The fact that dizziness is one of the symptoms that middle-aged women most frequently complain about, combined with the report from a hospital survey in Omaha, Nebraska that found that the estimated prevalence (per 100,000 local residents) of benign paroxysmal positional vertigo (BPPV) in women sharply rose from 77.2 in their thirties to 149.7 in their forties and kept increasing to the level of 263.5 in their seventies (compared to that in men, which was 38.2 in their thirties, 47.5 in their forties, and 181.0 (11.4%) [29]), implies that estrogen fluctuation and deficiency in peri- and postmenopausal women might play a role in the pathogenesis of BPPV, as well as a wider spectrum of dizziness. A recent animal study supports this hypothesis as it revealed that ovariectomized mice have significant balance behavioral deficits and that estrogen deficiency compromises otoconia maintenance and anchoring by reducing the expression of otoconial component and anchoring proteins, in addition to causing ectopic debris formation in the ampulla due to aberrant matrix protein expression [5]. More clinically, a placebo-controlled randomized controlled trial in Sweden demonstrated that hormone therapy significantly decreased sway velocity in elderly women who had low levels of baseline serum estradiol [30], which is in line with a cross-sectional analysis in Brazil that showed that hormone therapy users had significantly smaller oscillation than non-users, independent of the muscle strength in their lower limbs [31].
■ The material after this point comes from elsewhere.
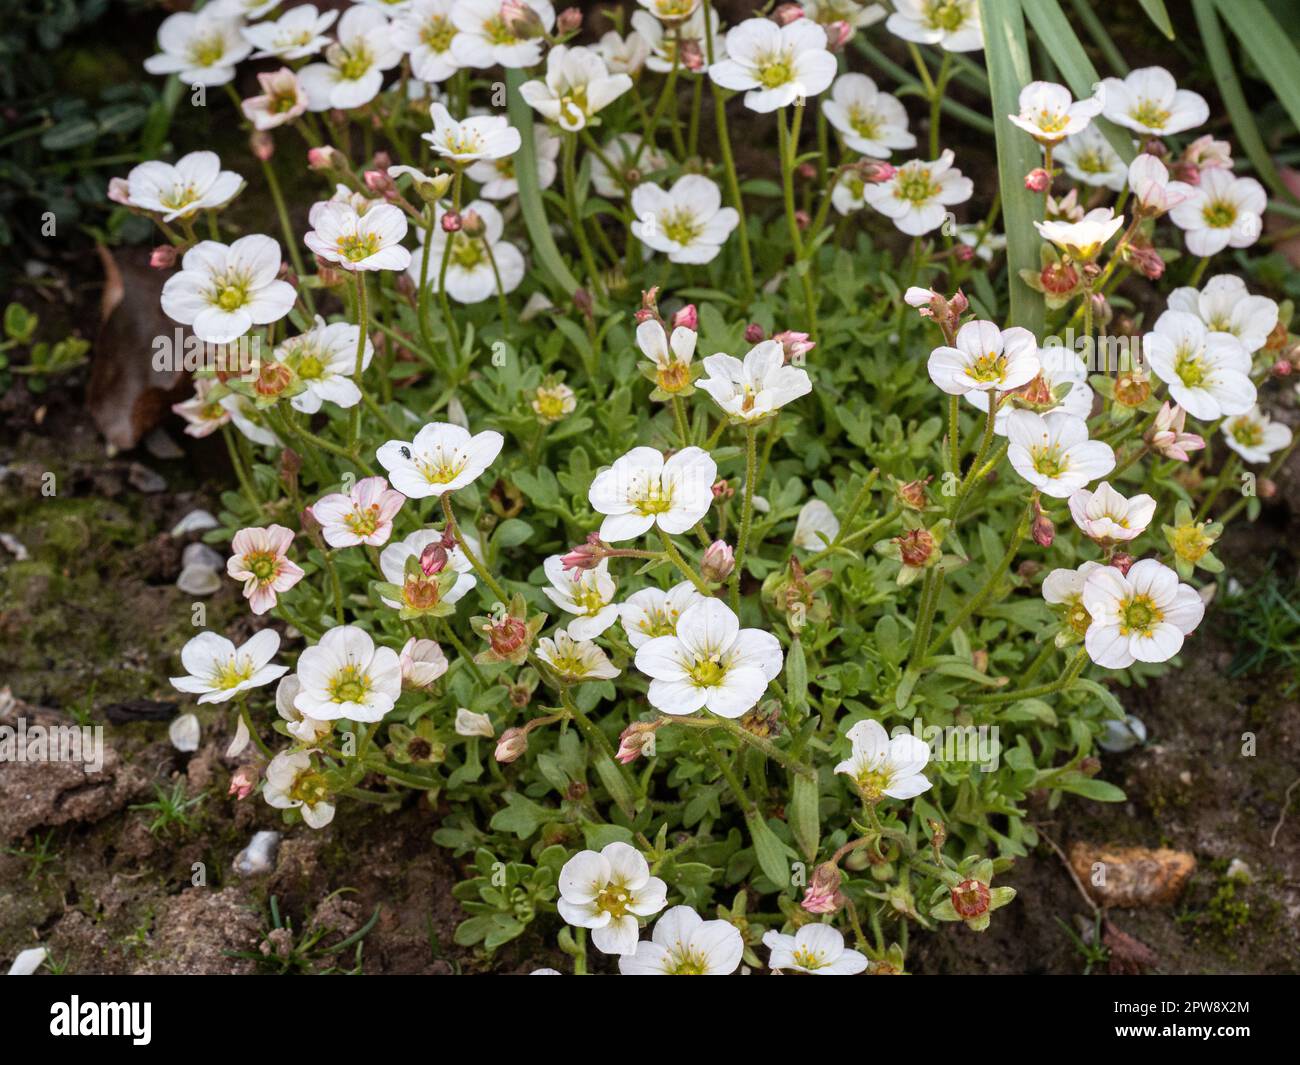 The white flowers and light green mossy foliage of Saxifraga arendsii 'Alpino Early White' Stock Photo

However, the ratio of women with the status of premenopausal/perimenopausal/postmenopausal/surgical menopause was not significantly different in the groups with and without dizziness in our current analysis (Table 2), which suggests that the subjective complaint of dizziness in this population was not affected by the sufficiency, deficiency, or fluctuation of estradiol. The discrepancy could be explained by a difference between the mechanisms underlying BPPV or impaired postural balance and the general dizziness experienced by peri- and postmenopausal women.

The present study was limited by the relatively narrow study population, which included only middle-aged women attending our menopause clinic. It is therefore difficult to extrapolate our results to a wider population. The history of the dizziness was not taken in detail, and the vestibular function of the participants was not evaluated. Furthermore, the cross-sectional design of this study prevented the determination of a causal relationship between the dizziness and anxiety.

Conclusions

Dizziness is highly prevalent in Japanese peri- and postmenopausal women and it is associated with anxiety. The treatment of anxiety in this population might improve the symptom.